Subversive historian Sarah Vowell offers another idiosyncratic chronicle of our nation’s coming-of-age with Lafayette in the Somewhat United States. This lively account of the Marquis de Lafayette and the American Revolution is of a piece with Vowell’s previous books, which include Assassination Vacation (2005), a tour of sites dedicated to murdered American presidents, and The Wordy Shipmates (2008), a raucous look at the founding of the Massachusetts Bay Colony. These seem like sober subjects, but Vowell enlivens the proceedings with her prickly persona, her thing for slang and her taste for recondite factoids of Americana.

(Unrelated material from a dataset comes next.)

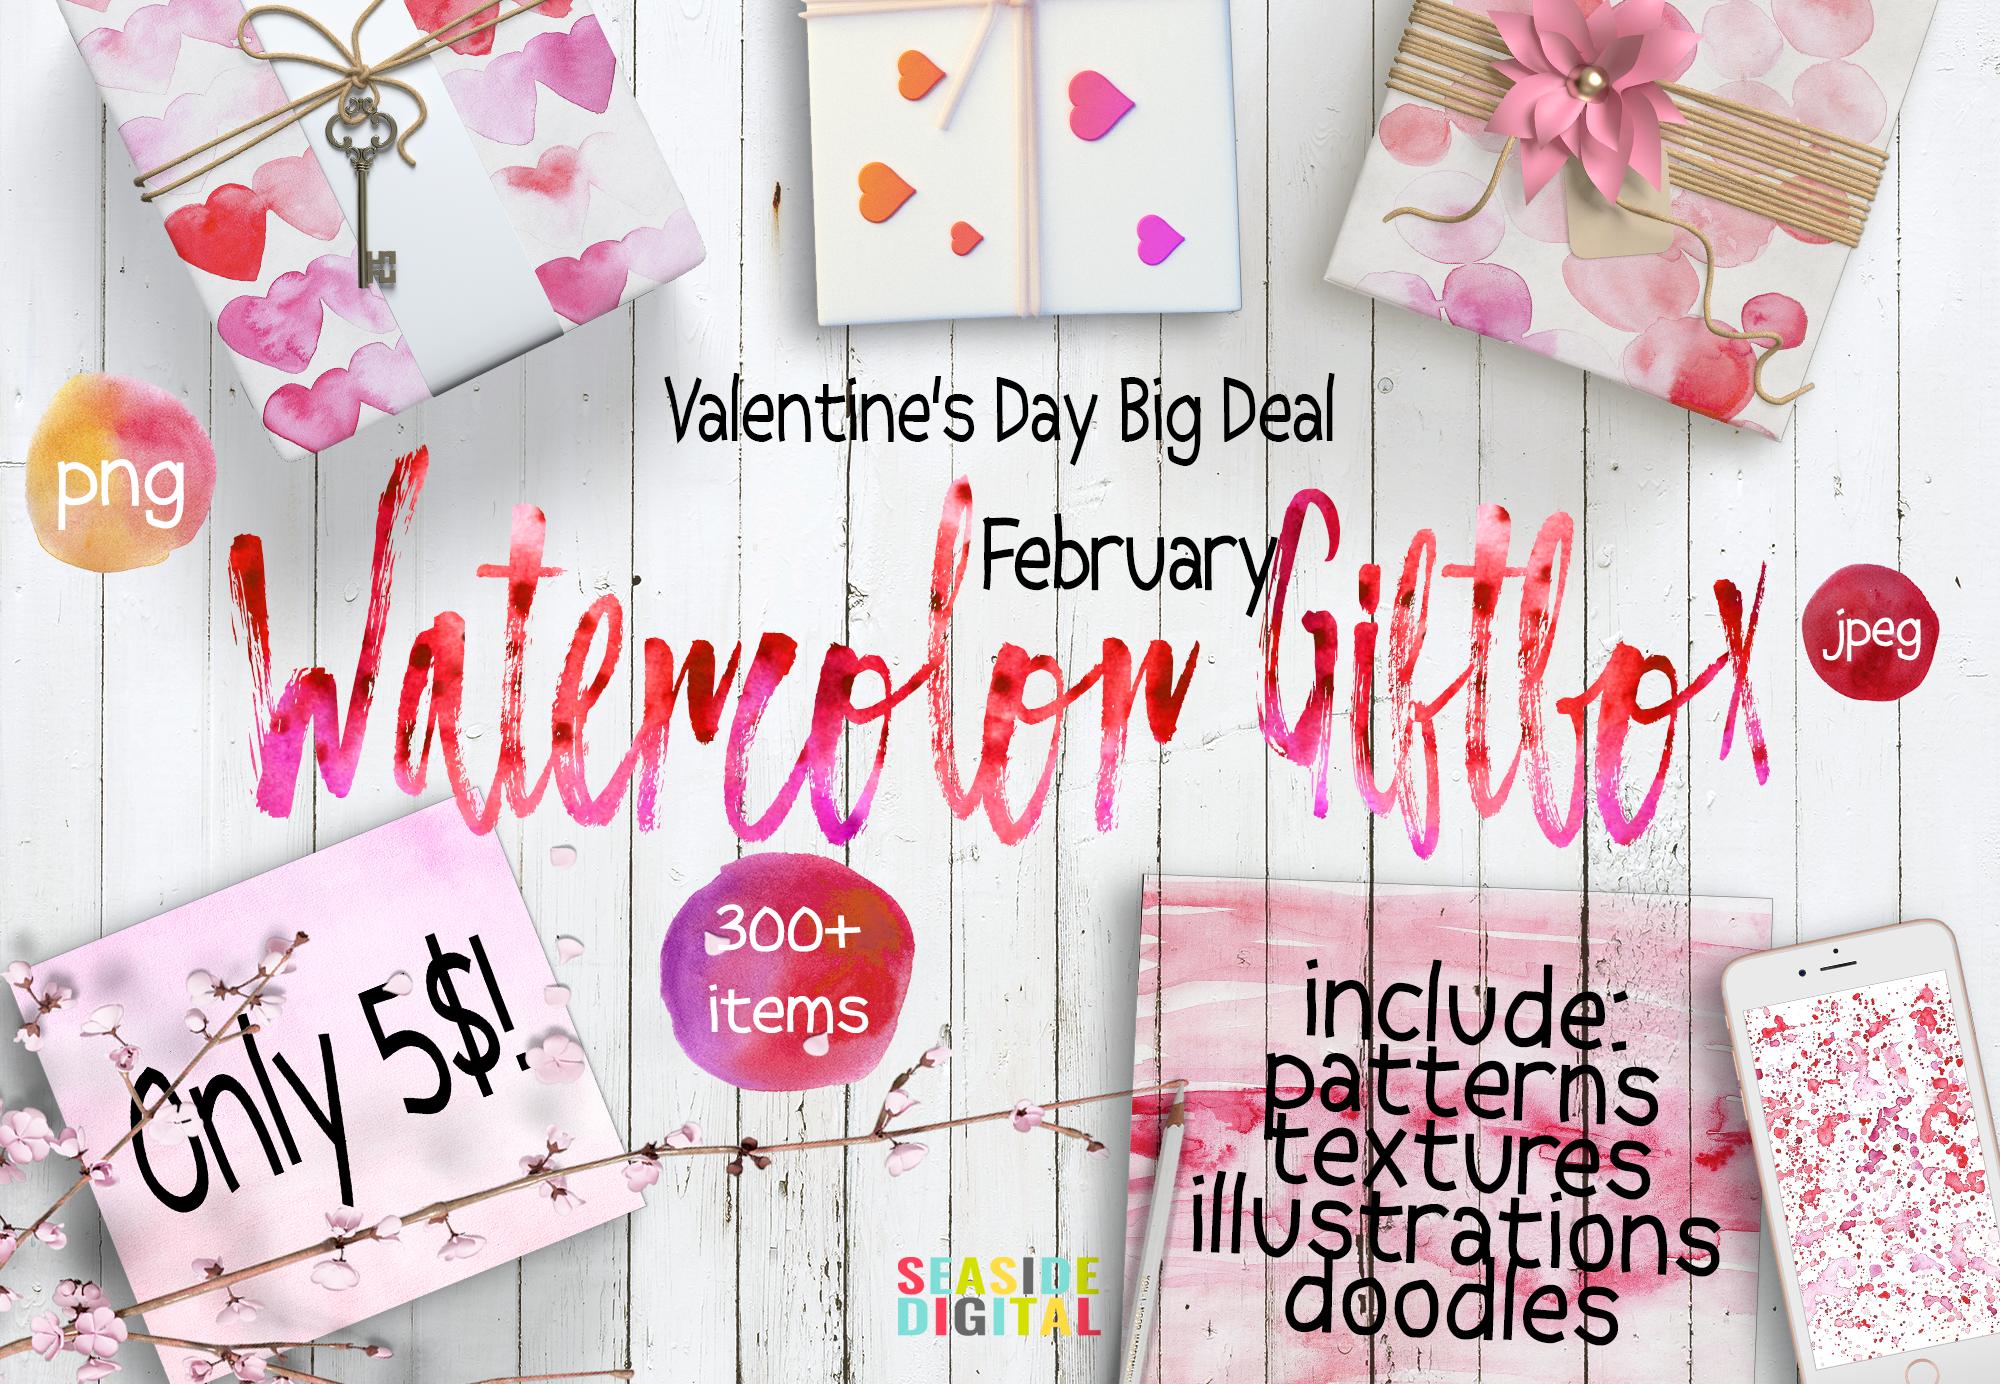 Valentine's Day Watercolor Giftbox example image 1

With her new book, Vowell delivers a fascinating portrait of Lafayette as a dashing young French aristocrat who believed in the cause of the American colonists. Driven by a desire to make a name for himself and by a loathing for the British, Lafayette sailed to America, where he served in Washington’s army, befriending the founding father and becoming his confidant. Through the filter of the Frenchman’s story, Vowell examines the culture of the Revolution. She goes in-depth on the rifts between the Loyalists and the Patriots, between the Continental Congress and the army, and augments the trip back in time with incidents from her travels to historical spots. During a visit to Pennsylvania’s Brandywine Valley, where Lafayette was wounded in 1777, she takes in a re-enactment of the Frenchman’s story presented as—of all things—a puppet show.
The enjoyment Vowell seems to derive from poking around in America’s obscure corners is part of what makes her historical narratives vital. In tracing history’s circuitous path, she demonstrates how we got where we are today—and sheds light on where we might be heading next.